The U.S. Senate on Wednesday overwhelmingly backed a $2 trillion bill aimed at helping unemployed workers and industries hurt by the coronavirus epidemic, as well as providing billions of dollars to buy urgently needed medical equipment.


The package is intended to flood the economy with cash in a bid to stem the impact of an intensifying epidemic that has killed more than 900 people in the United States and infected at least 60,000 - Photo: Wikimedia


After bitter negotiations, the deeply divided Senate came together and passed the bill by a unanimous 96-0 vote, which sent the massive stimulus package to the House of Representatives, which could vote sometime this week.

President Donald Trump, whose top aides helped negotiate the bipartisan measure, promised to sign it into law as soon as it reaches his desk. “I will sign it immediately,” Trump told reporters on Wednesday.

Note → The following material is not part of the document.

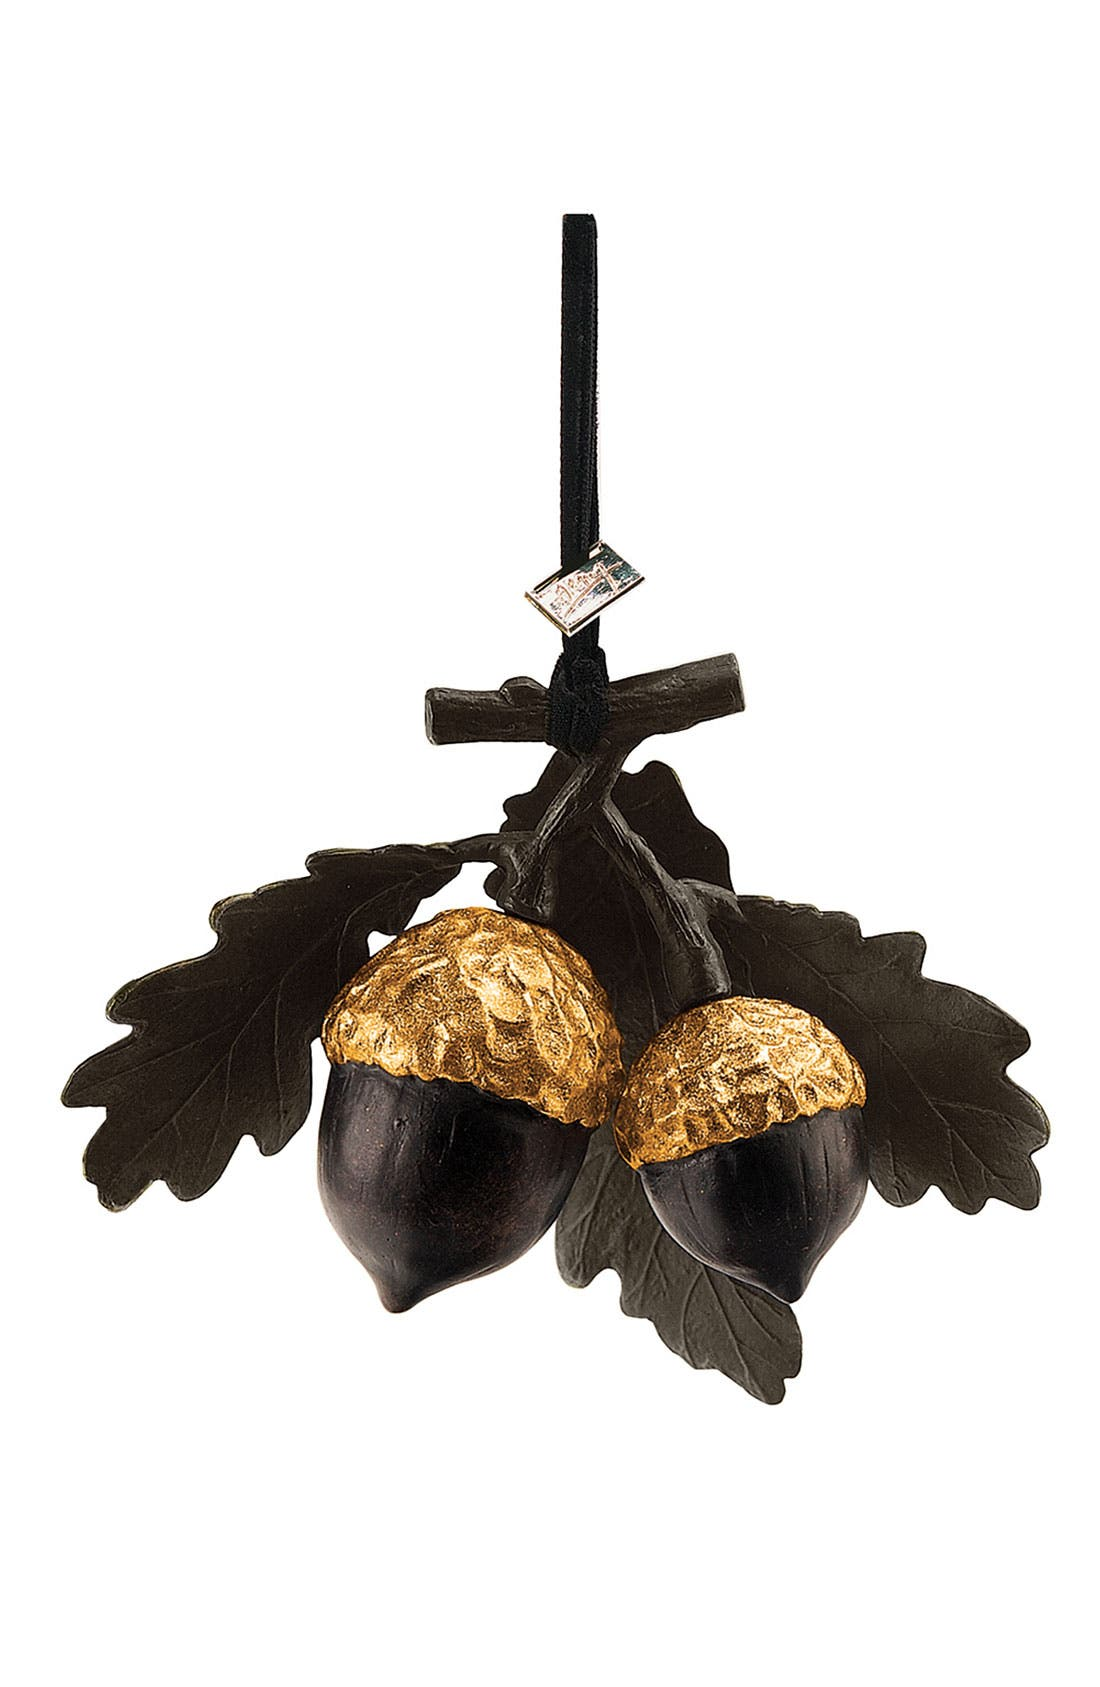 Main Image - Michael Aram Acorn Ornament

The massive bill - which would be the largest economic stimulus measure ever passed by Congress - includes a $500 billion fund to help hard-hit industries and a comparable amount for direct payments of up to $3,000 apiece to millions of U.S. families.

The package is intended to flood the economy with cash in a bid to stem the impact of an intensifying epidemic that has killed more than 900 people in the United States and infected at least 60,000.

Only two other nations, China and Italy, have more coronavirus cases and the World Health Organization has warned the United States looks set to become the epicenter of the global coronavirus pandemic.

Top aides to Trump and senior senators from both parties announced that they had agreed on the unprecedented stimulus bill in the early hours of Wednesday after five days of talks.

But it was delayed by criticism from both the right and left on Wednesday, pushing the final vote on passage almost another full day.

Several Republican senators had insisted the bill needed to be changed to ensure that laid-off workers would not be paid more in unemployment benefits than they earned on the job. However, an amendment that would have changed the unemployment provision failed just before the Senate approved the measure.